**Exercise directions:**
Please print the full listing below exactly, but not the pictures in it.

Collected data START

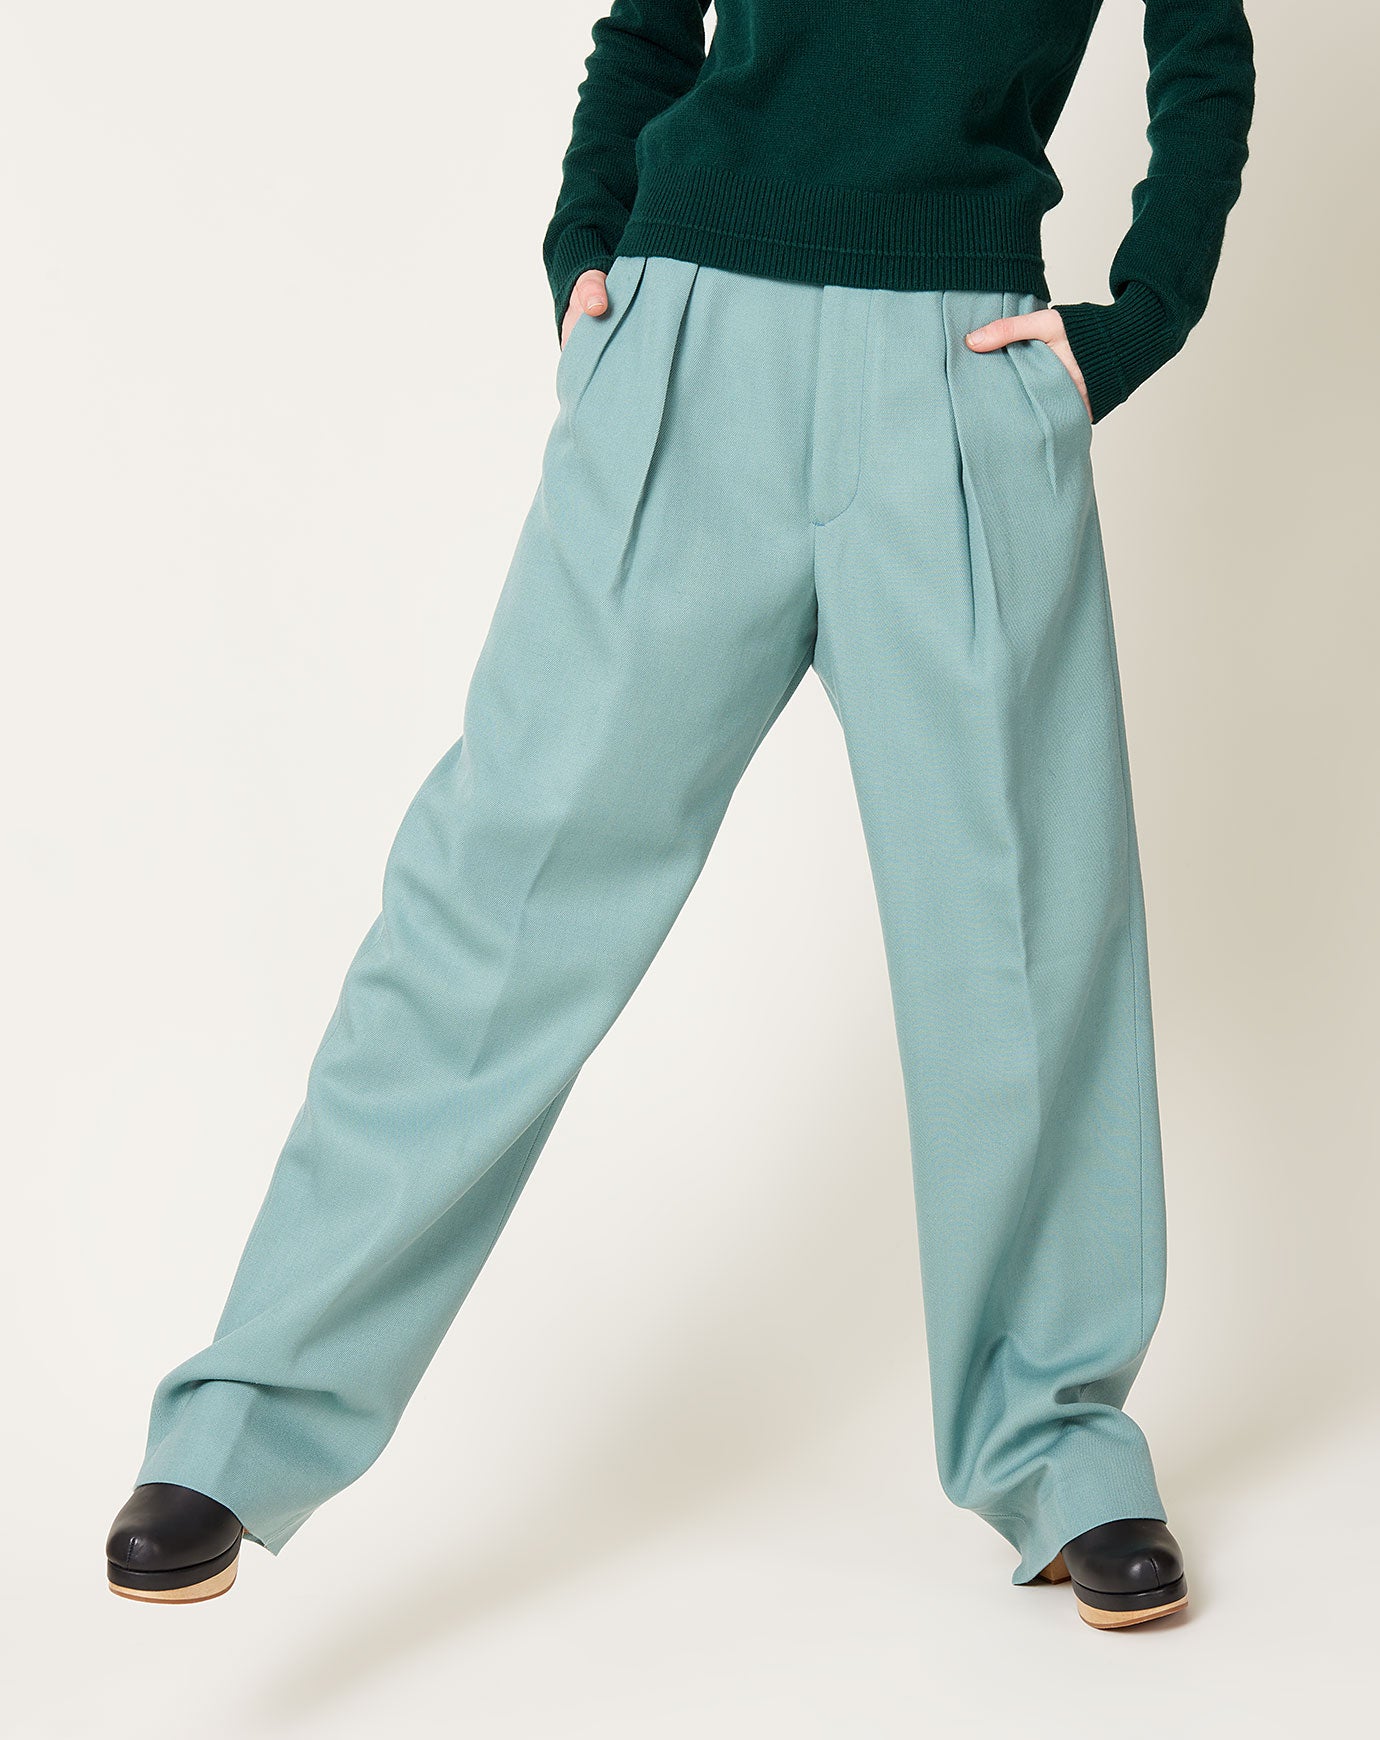 Christian Wijnants Ponza Tailored Trouser in Sage
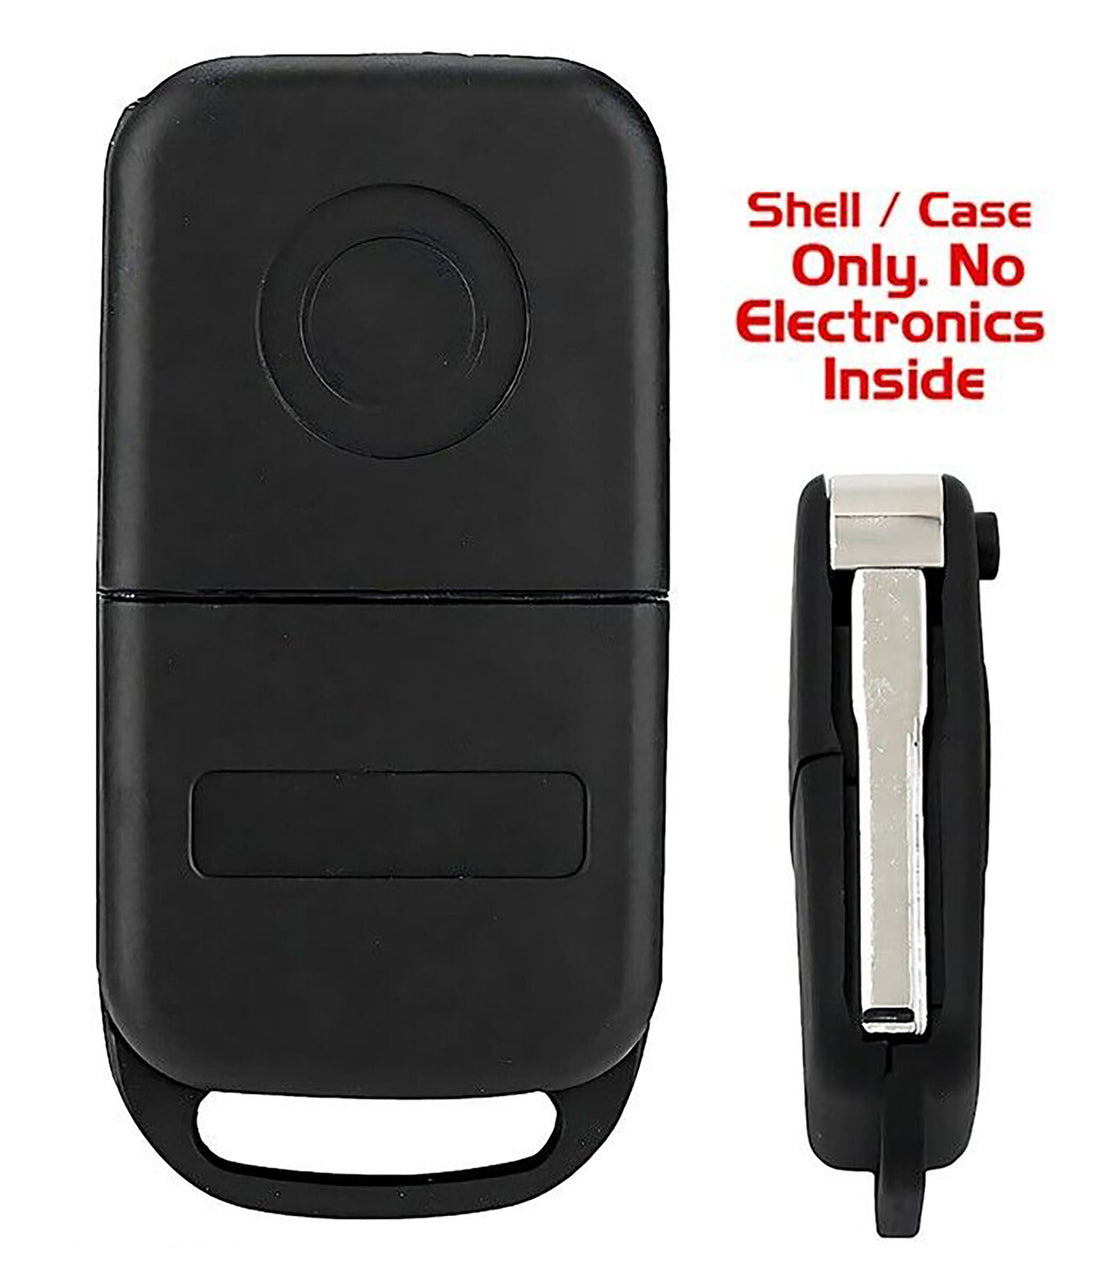 1x New Replacement Remote Key Fob SHELL / CASE Compatible with & Fit For 2004-2007 Mercedes Dodge Van - MPN MYT3X7259-02 (NO electronics or Chip inside)
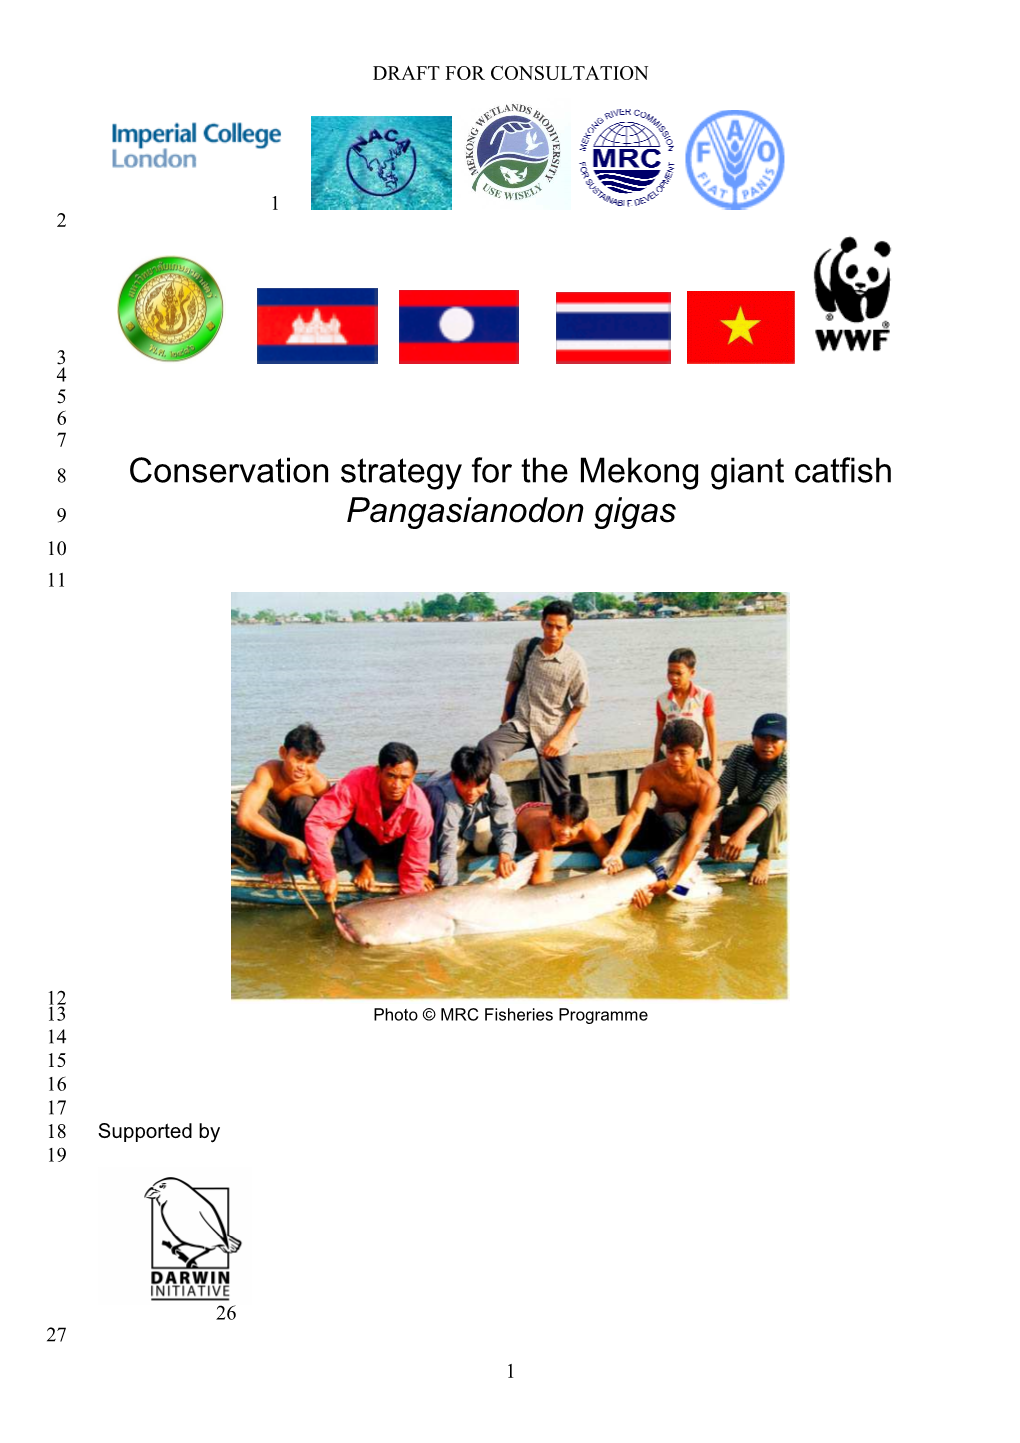 Conservation Strategy for the Mekong Giant Catfish Pangasianodon Gigas
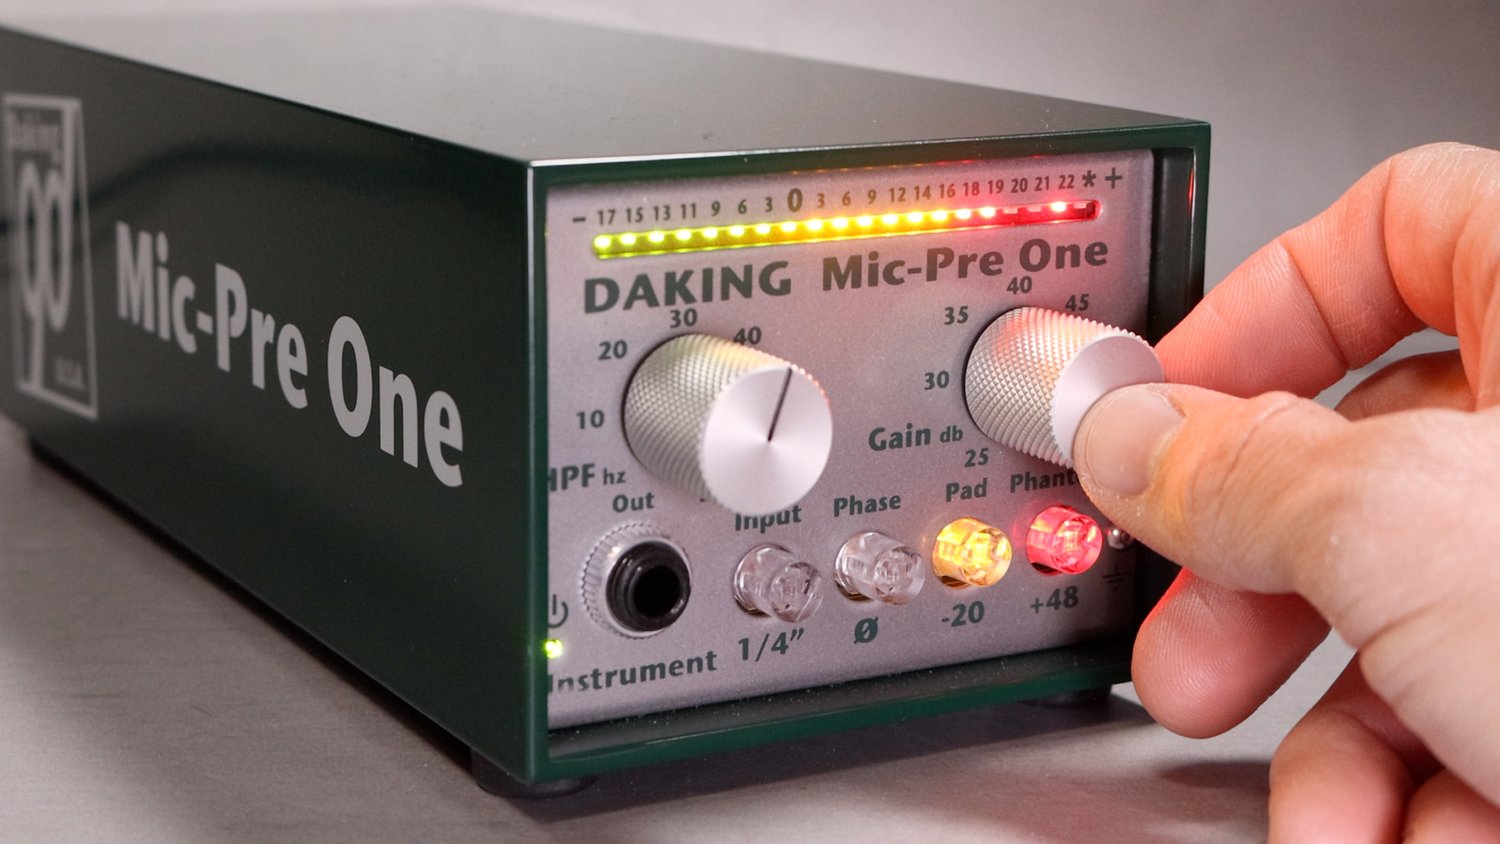 Daking Mic-Pre One Review / Test

Collected data END

**Response:**
 Christian Wijnants Ponza Tailored Trouser in Sage
 1x New Replacement Remote Key Fob SHELL / CASE Compatible with & Fit For 2004-2007 Mercedes Dodge Van - MPN MYT3X7259-02 (NO electronics or Chip inside)
 Conservation Strategy for the Mekong Giant Catfish Pangasianodon Gigas
 Daking Mic-Pre One Review / Test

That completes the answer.